Topic: How RocksDB's SuperVersion reference-counts live Versions so iterators see a consistent snapshot even during compaction

Date: 2026-05-29

Time: 07:26

SuperVersion Reference Counting for Consistent Snapshots During Compaction

The Short Answer: This Codebase Doesn't Implement It

The grep results are clear — there are zero matches for SuperVersion, superversion, refcount, or refcount anywhere in the repository. This codebase implements the building blocks that motivate SuperVersion (LSM trees with compaction, MVCC snapshots), but stops short of combining them with reference-counted version management.

What the Codebase *Does* Implement

LSM Tree Compaction Without Snapshot Safety

In log-structured-merge-tree/lsm.py:319, the compact() method merges all SSTables into one and removes tombstones (line 340). The problem: it directly mutates self._sstables — the list of live SSTables. If an iterator were scanning those SSTables mid-compaction, it would see the rug pulled out from under it. There's no mechanism to keep old SSTables alive while iterators still reference them.

The range scan at line 274 collects iterators over the current set of SSTables, but nothing prevents compact() from deleting those files while the scan is in progress.

MVCC Snapshot Isolation — The Read-Side Analog

snapshot-isolation/mvccdatabase.py shows the *logical* version of the same problem. Each Transaction (line 22) captures activeatstart (line 30) — the set of transaction IDs that were in-flight when the transaction began. The is_visible() method (line 74) uses this snapshot to decide which Version objects (line 11) a transaction can see.

This is the read-consistency guarantee that SuperVersion provides at the storage layer: a reader should see a frozen point-in-time view even as writers create new versions.

What SuperVersion Would Add

In RocksDB, a SuperVersion bundles three things into one reference-counted object:

1. The current MemTable (analogous to the in-memory SortedDict used in the LSM tree)

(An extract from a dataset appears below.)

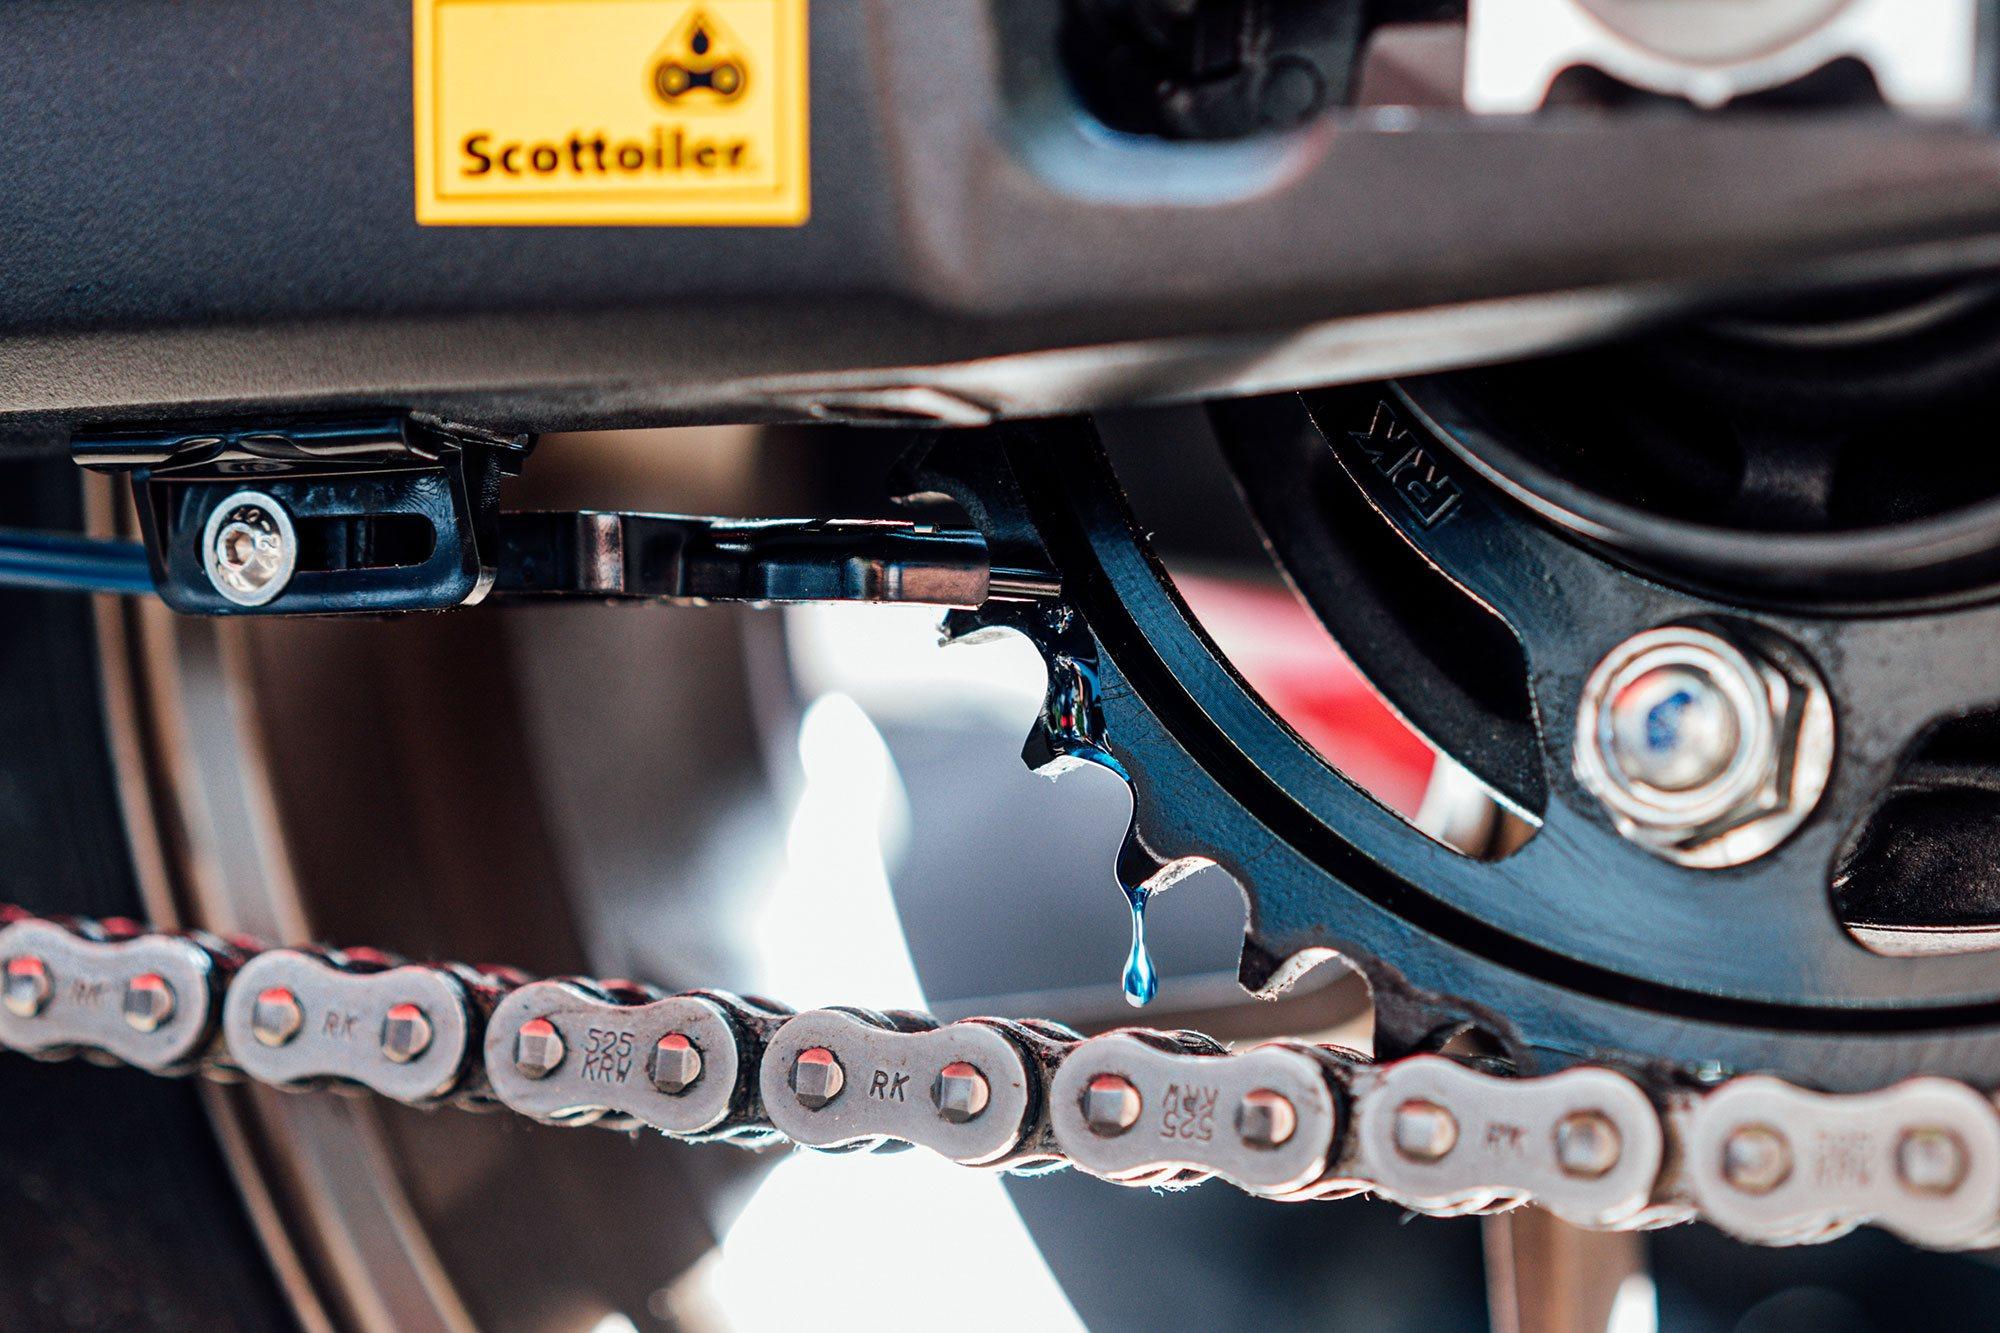 Scottoiler V-system review 2

2. The set of immutable MemTables awaiting flush

3. The current Version — the specific set of SSTable files at each level

When an iterator is created, it increments the SuperVersion's ref count. Compaction can install a *new* SuperVersion (pointing to the newly-compacted SSTables), but the old SuperVersion stays alive — and its SSTables stay on disk — until the last iterator releases its reference.

What's Missing From This Codebase

The MVCC database in snapshot-isolation/mvccdatabase.py solves the logical equivalent — is_visible() filters versions without deleting old ones — but the LSM tree doesn't apply this pattern to its physical file management.